Your requirements are ambiguous.

Limiting a file to 200 lines from the outset is not the same thing as reading it at some later time and discarding all but the 1st 10k characters (without checking for line boundaries).

Please give us a clear English description of what you are trying to do.

1in10 · June 15, 2014, 6:58pm

@Don Cragun
Much ambition means many errors, no errors means no trouble at all, I agree that this is a task for me.
From the very outset I want to set this file to just 200 entries, nothing more. And catch the last seven and in a furhter step the last thirty lines of the fifth field for a calculation. The text-string " swap " could be any other. BTW I am not a pro so: I do not know anything about circular buffers, excuse me.
My OS here is debian wheezy 7.5, no server.
So I cut out the first statement do direct it after the awk-statement to the stdout. As you may see, this could be a beginner, but I assure you I am right in the middle, because this is my third week around with awk.

Don_Cragun · June 15, 2014, 7:16pm

We don't care if you're a beginner. As long as you want to learn, we want to help you.

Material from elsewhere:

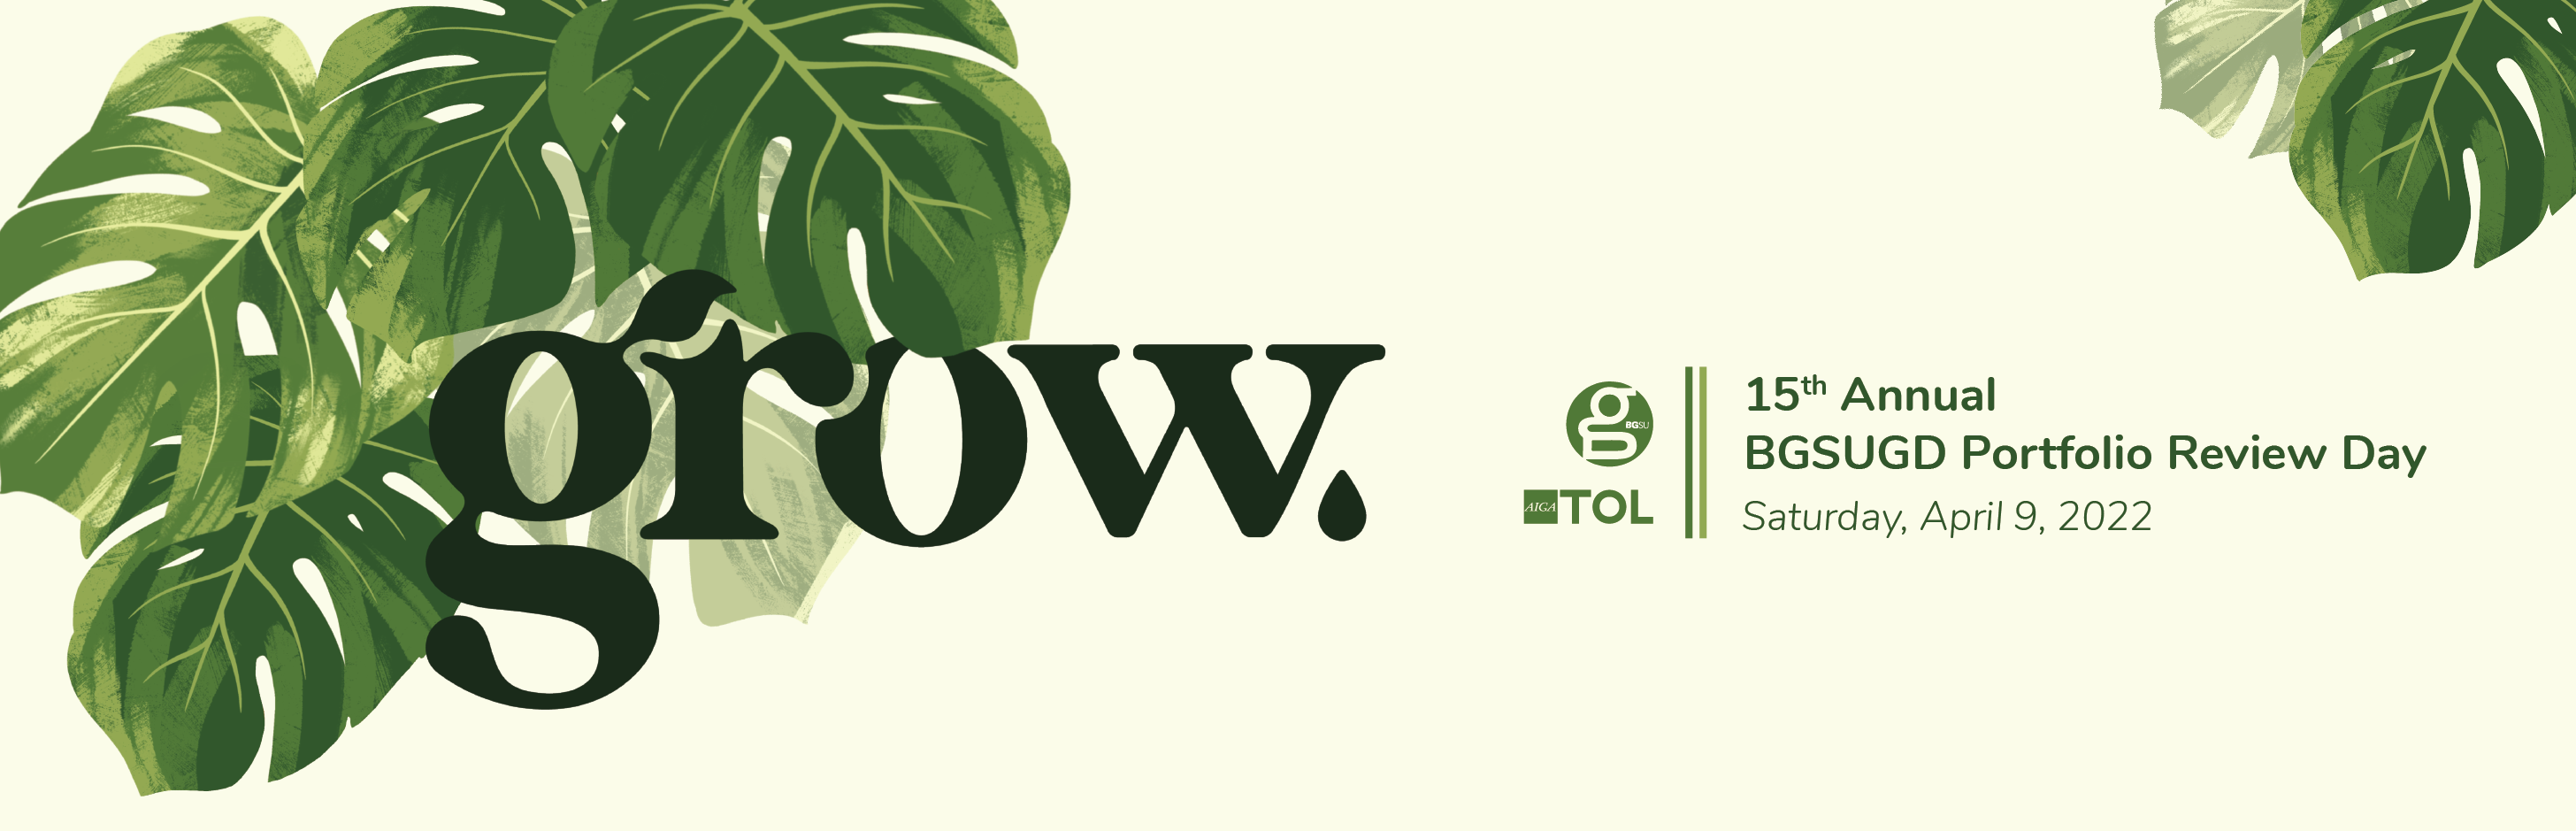 banner image of grow logo among monstera leaves. Accompanied by the AIGA Toledo Logo and BGSUGD logo, and the text "15th annual BGSUGD portfolio review day, Saturday, April 9, 2022"
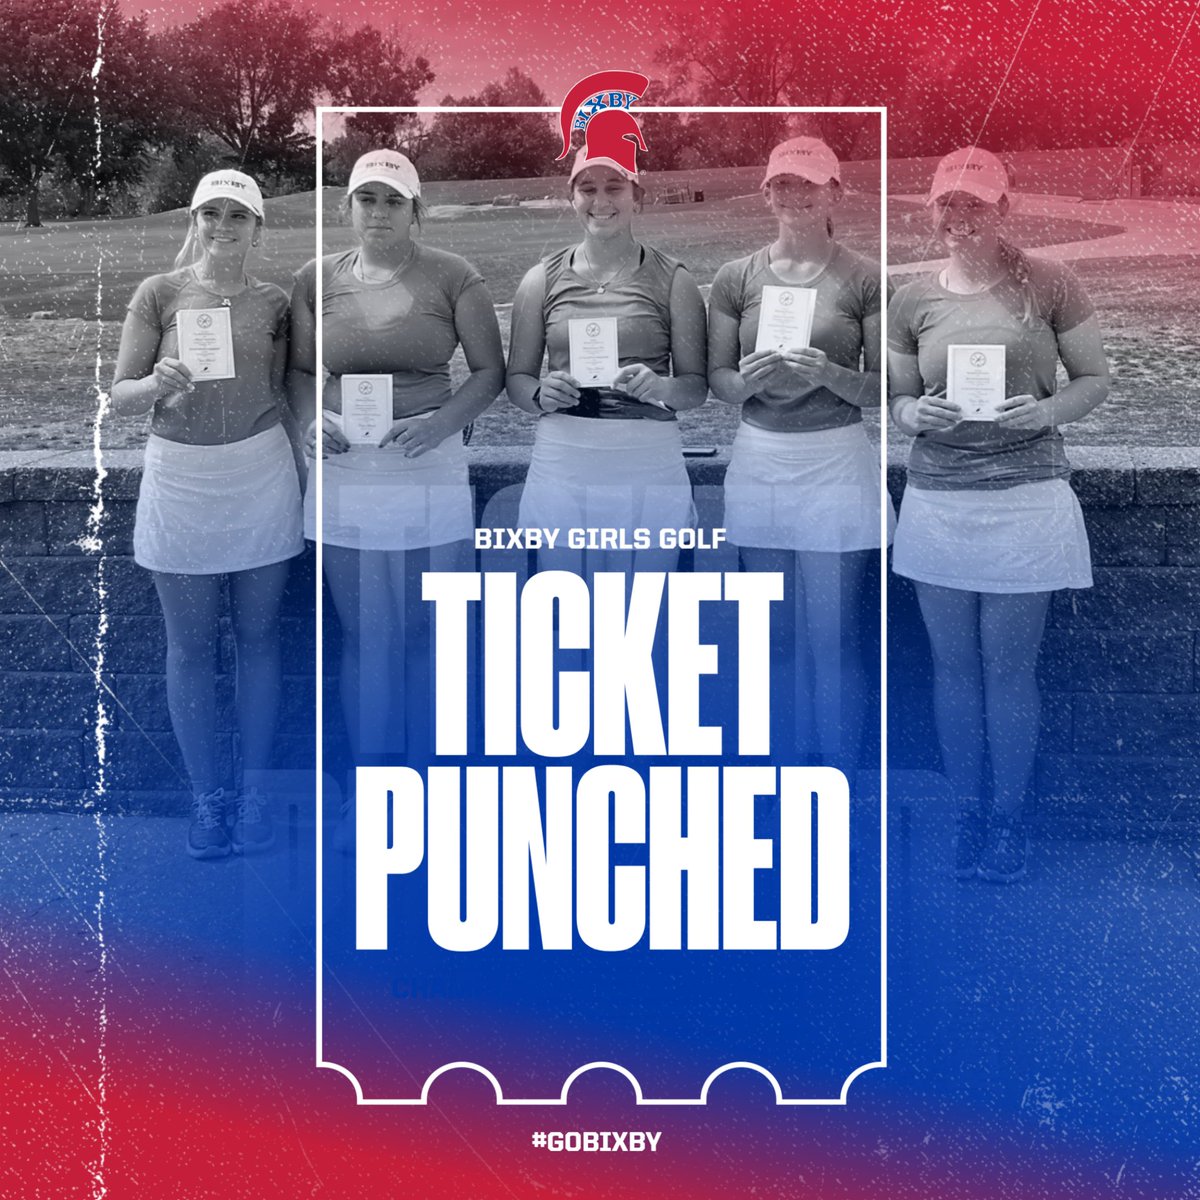 The Bixby Spartan Golf Girls team TICKET PUNCHED! to the State Tournament 🎖️ Taylor Tevis - 4th place finish today #BixbySpartans | #PlayLikeChampions

But, to help you we need to understand what you're trying to do.

You want to

??? (The 1st 200 entries? The last 200 entries? What constitutes an entry?)

I don't understand what you mean by:

Show us a sample of your input file. Give us details about the format of this file, the size of the file, the field separators in the file, etc.

Explain to us in detail in English what you want to do to that input.

Show us a sample of the output you want your script to produce.

1in10 · June 15, 2014, 9:39pm

#!/bin/bash 

#path=/home/Desktop/bashes
machine=$(uname -n);
R=`date +%A'  '%d'/'%m'/'%y' die '%V'.'week`;
V=`date +%x`              #will be used later
T=$((86400/3600));          #will be used later    

echo $T "not yet";

# shows me the actual user
echo $USER;

if (( "$T" < 31 ))
then 
    echo "today is" $R 
    else :
fi;

# I do know that this notation below of string4 and string5 is not the pretty version, but I want to keep it!!!

string4=`uptime`
string5=`date +%x`

echo "uptime" $USER "an" $machine " " ${string4:13:5} " " ${string5}  | head -c 10K >> /home/uplog.txt | awk  'END{print NR " full " NF$5; exit}' /home/uplog.txt

This is the the whole script. Indeed I just want to have a maximum of lines of 200. Nothing else.
If I cut out the first time >> /home/uplog.txt the file won't be updated. So it may remain. I tested it without and it stopped at that line. What gives me some hope was an old thread right here that was turning the file upside down.

This script shall keep the last 200 times of uptime of a user, that simple. Furthermore I want to fetch the last seven and the last thirty entries of it for a calculation, average uptime and total uptime.
Beyond this I want to switch after a certain value of uptime my MAC-address or to make a redial.
@Don Cragun sure I am willing to learn, I think that keeps me afloat. For not having at least the five posts here I have to wait to send the link. The user that gave that hint is cfajohnson and his answer dates back to 2007.

Don_Cragun · June 16, 2014, 12:37am

You don't need 5 posts to cut and paste sample data into a post (just like you did with your code). It looks like you're saying you have a file (in a very strange place unless you're running as root) that contains lines like:

uptime username an   ays,   MM/DD/YYYY
uptime username an   days,   MM/DD/YYYY
            or
uptime username an   N day   MM/DD/YYYY

depending on how long many days the machine has been up (where username, MM, DD, and YYYY are obvious and N is the last digit in the number of days the system has been running if the system has been up for more than 999 days). (Of course, your version of uptime may print something else in the 5 characters starting in position 15.)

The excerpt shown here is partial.